Тапирчик
Шрифт:
– Ну ладно, – говорит, – уговорили вы меня. Вы, я вижу, мальчики порядочные, интеллигентные.
А те:
– Конечно, конечно.
А она:
– Ну так я заеду к вам на одну минутку со своей каталочкой, разгружусь-ка тут быстренько, звякну в конторку, и бай-бай, гуд-бай в смысле, дальше себе по делам покачу. А то там меня мальчики-шоферы квадратненькие такие дожидаются, мотор даже, сказали, не будем глушить, сказали, не будем глушить, мля, слышите?
А профессура:
– Слышим, слышим, не глухие, чай.
И ентот, Гурвинек, соло уже, один в смысле, гундосит:
– Заходите, заходите!
И батман ей, да не какой-нибудь, а тандю батман, ножкой выделывает, вышаркивает и руки разводит, приглашая.
Ну она, короче, и въехала вся. А попка-то у нее, попка, ух, играет под платьицем, а платьице-то тонюсенькое-тонюсенькое, да и коротенькое вдобавок,
А этот, киноведище, думает усе енто время, мучительно так думает, лбы свои напрягая, как же, как же бы, бы же, да задержать ея, да разговориться с нея, да отослать бы эту, к чертовой матери, машину, с ентими там молодцами, с этими подлецами, в одиннадцатый корпус, с этими палачами-колунами со своим видео на масле, чтобы оставили здесь эту девчурку, раз уж все так одно к одному выходит.
А Мэрилинка-то уже, р-раз! и в кухню прокатывает, и на корточки садится, и начинает вынимать, вынимать и складыать на стол, на стул, на пол, на диван, а ляжечки ее ладненькие вместе так одна к одной, беленькие, незагорелые, а юбочка на бедра ползет, ползет, ползет, о-о-о! трусики розовенькие засветились-заиграли, а сама-то руками-ручками, лебедушками своими, быстро-быстро говядину, свинину мечет в блюдах по всем стульям, по столам, что вокруг нее.

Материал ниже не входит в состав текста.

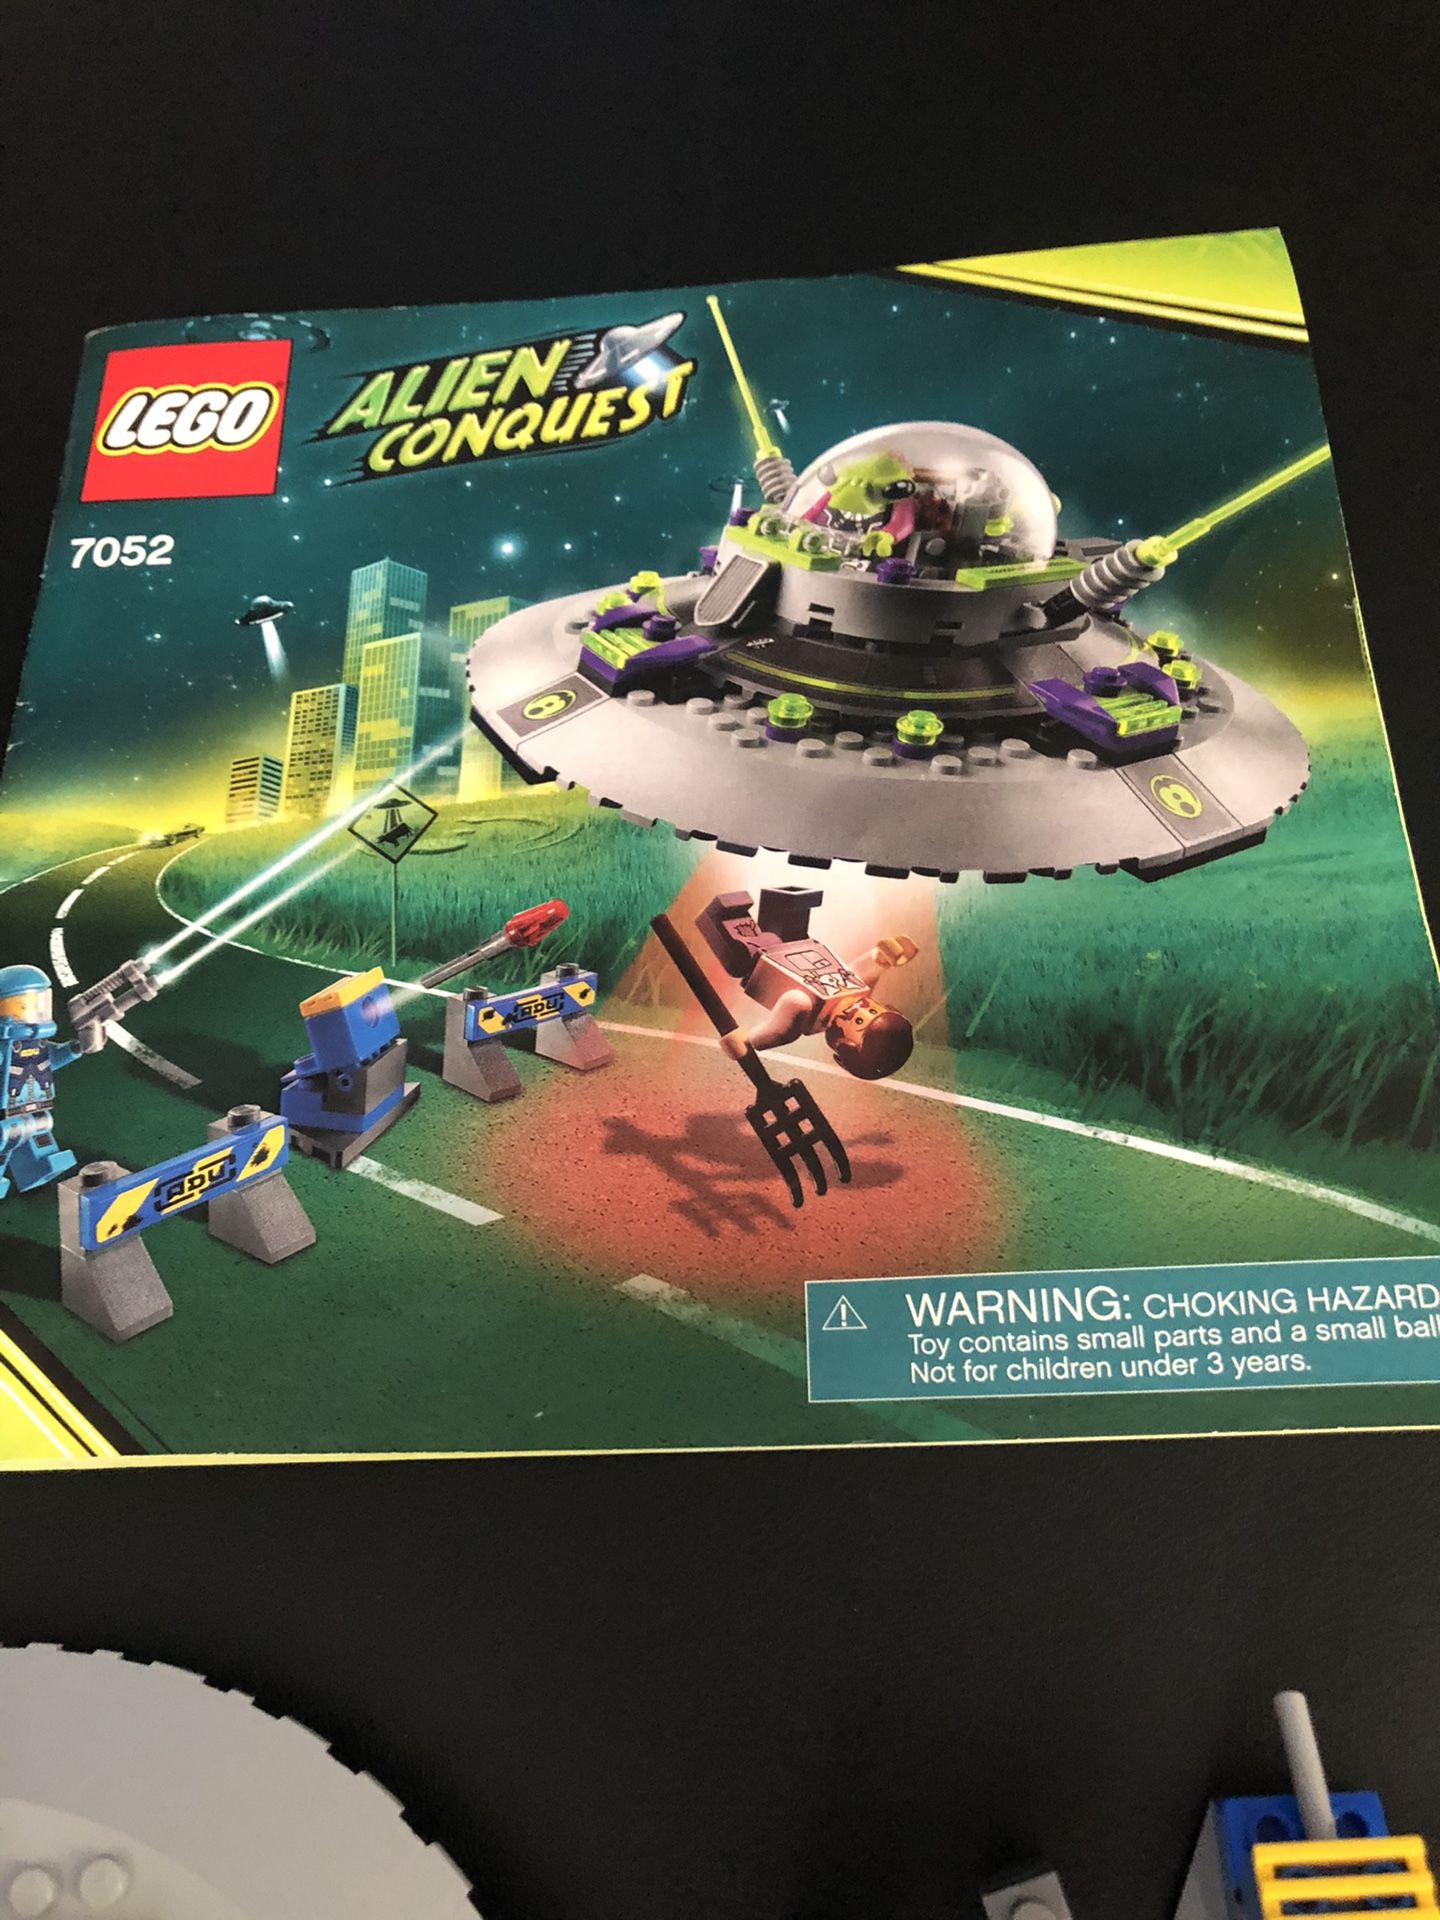 Lego 7052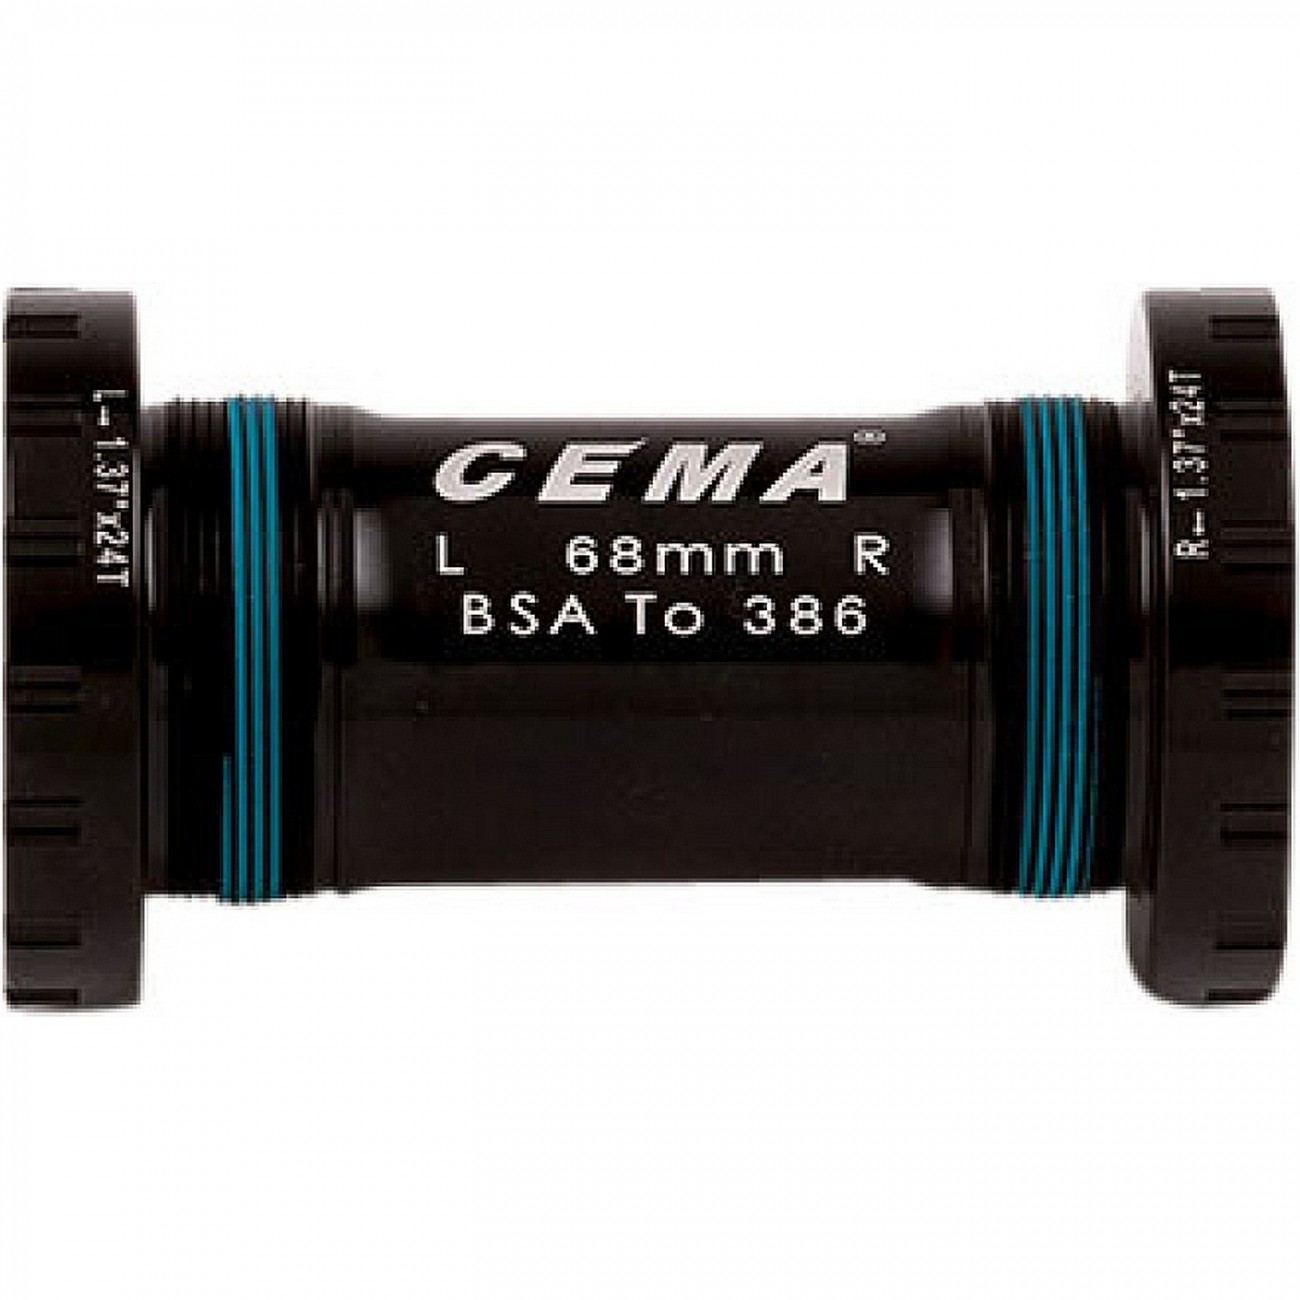 Bsa pour fsa386/rotor 30mm w: 68/73 - 1 37" x 24 t mm acier inoxydable - noir - 1

Мечет-то мечет, а сама нет-нет да и взглянет то на одного, то на другого, а ляжечек не разжимает, не разжимает, падла, только иногда – оп-па!.. и снова свела, как бы ненарочно, а сама-то, конечно, нарочно, по глазам-то по блестящим видно, если, конечно, в глаза ей, бестии, смотреть, а не вниз, на коленки-ноги.
И тут ентого киноведа осенило, и он набрался духу и говорит:
– А что, – говорит, – вы, лапушка, а не летаете ли во сне?
А та:
– Во сне?! Да что вы, упаси бог, что я, ведьма, что ли, какая?
А сама прыскает, от смеха почти прыскает, рукою своей белою загородилась, как будто бы утирается, будто бы чешется там у нее нос, что ли, или губа, или щека, или надгубье, а сама ну прямо чуть не щелкает там соловьем от восторга, потому как такой он идиот, этот киновед, ну такой идиотище, ну полный козел со своими снами, и с такой своей мордой глянцевой от коньяка, и с таким своим пузом.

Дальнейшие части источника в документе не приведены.